======== Supplied information

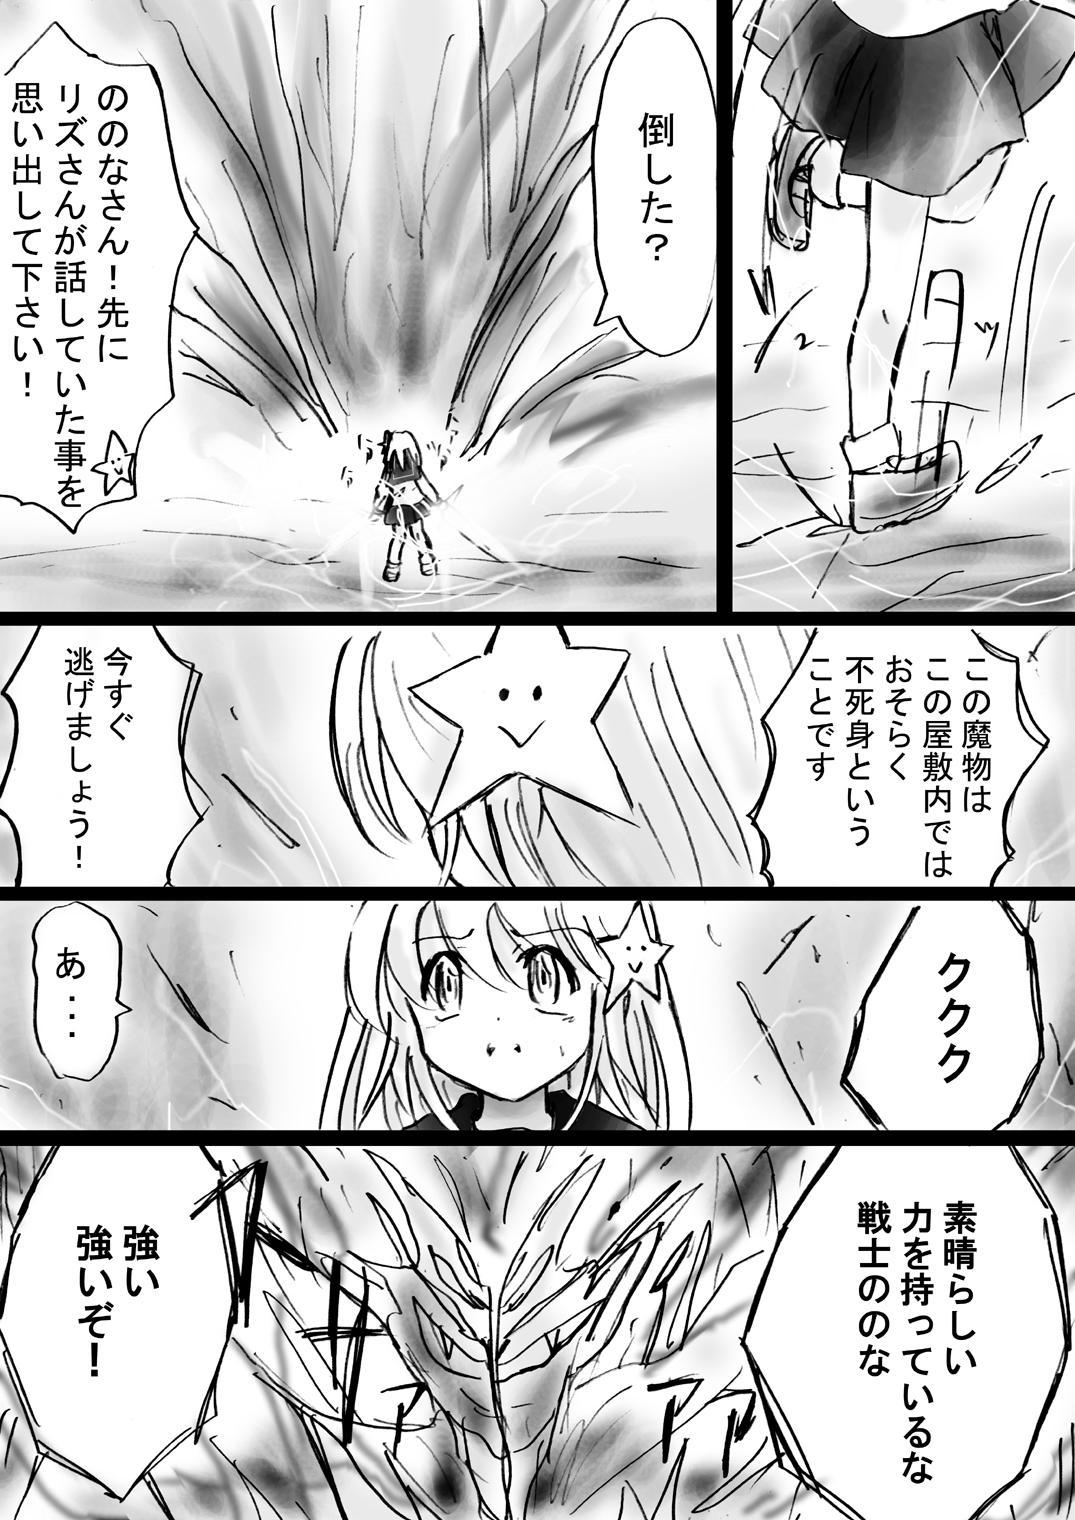 [Dende] Fushigi Sekai -Mystery World- no Nona 17 ~ Taiketsu Fujimi no Dai Inma Dakurasu, Kanzen Sekka no Kyoufu 60
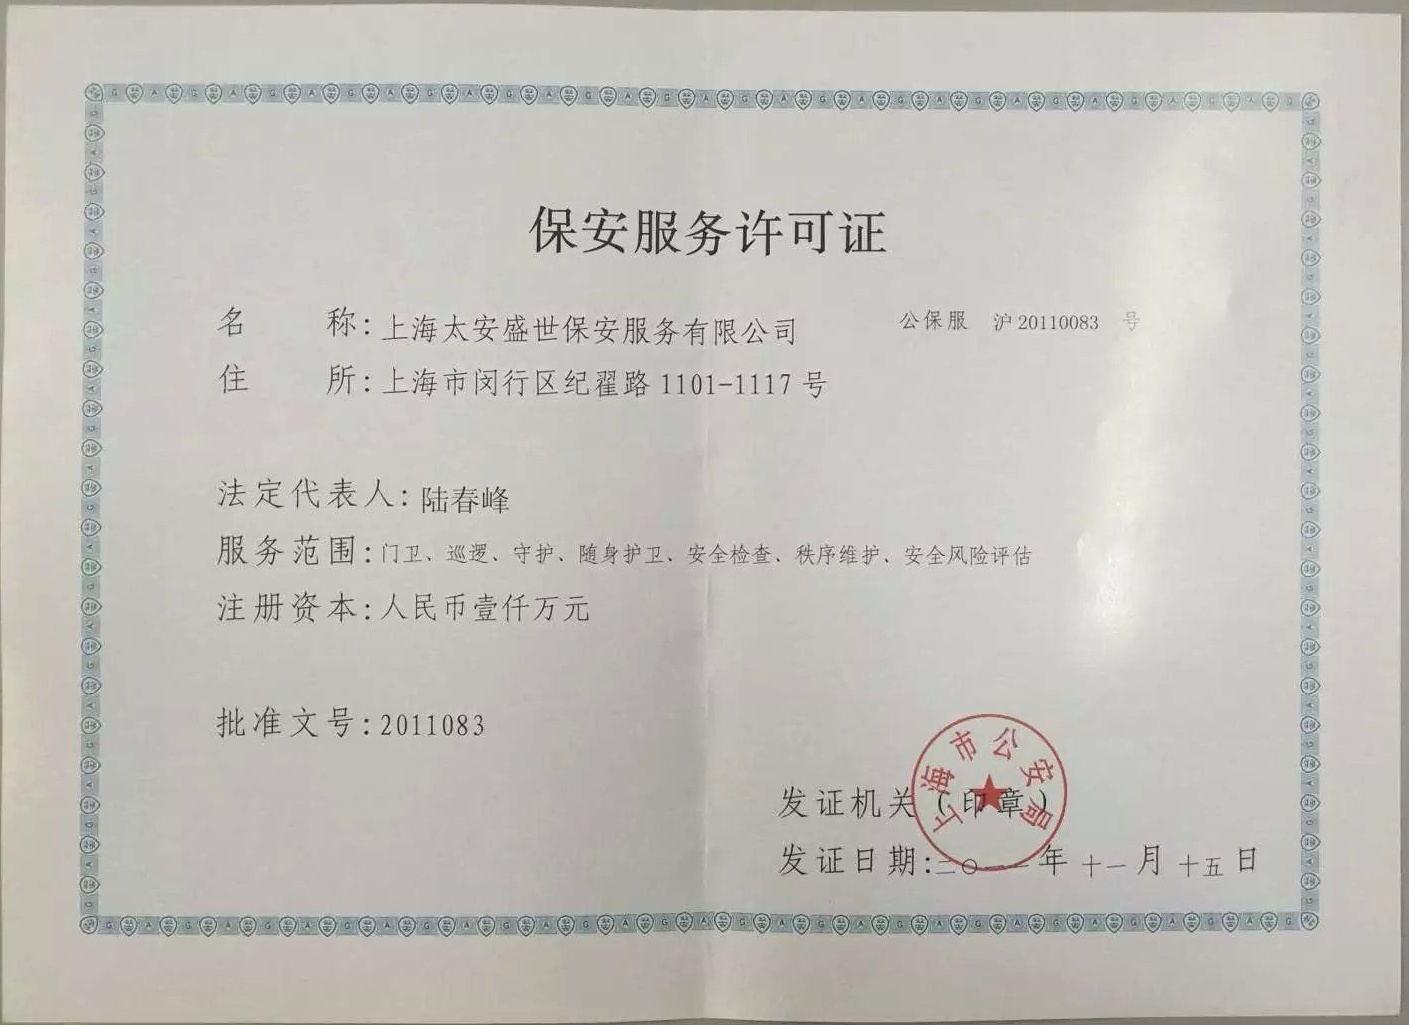 上海太安盛世保安服务许可证
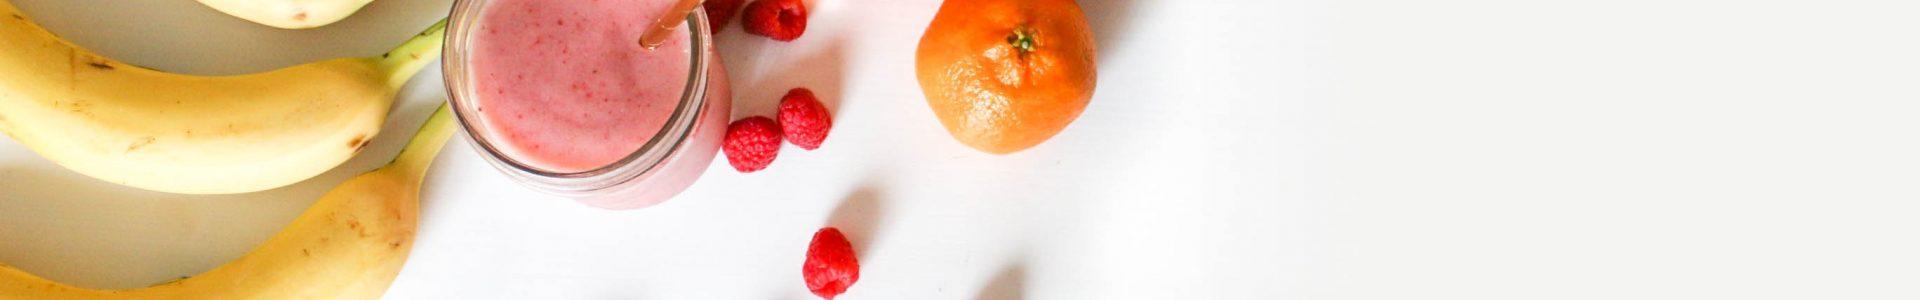 Wichtige Vitalstoffe im Winter – diese Nährstoffe sollten Sie im Blick haben!

================

Reproduce the entire listing exactly, but omit any pictures.

• [Answer below]:
 [Dende] Fushigi Sekai -Mystery World- no Nona 17 ~ Taiketsu Fujimi no Dai Inma Dakurasu, Kanzen Sekka no Kyoufu 60
 上海太安盛世保安服务许可证
 Wichtige Vitalstoffe im Winter – diese Nährstoffe sollten Sie im Blick haben!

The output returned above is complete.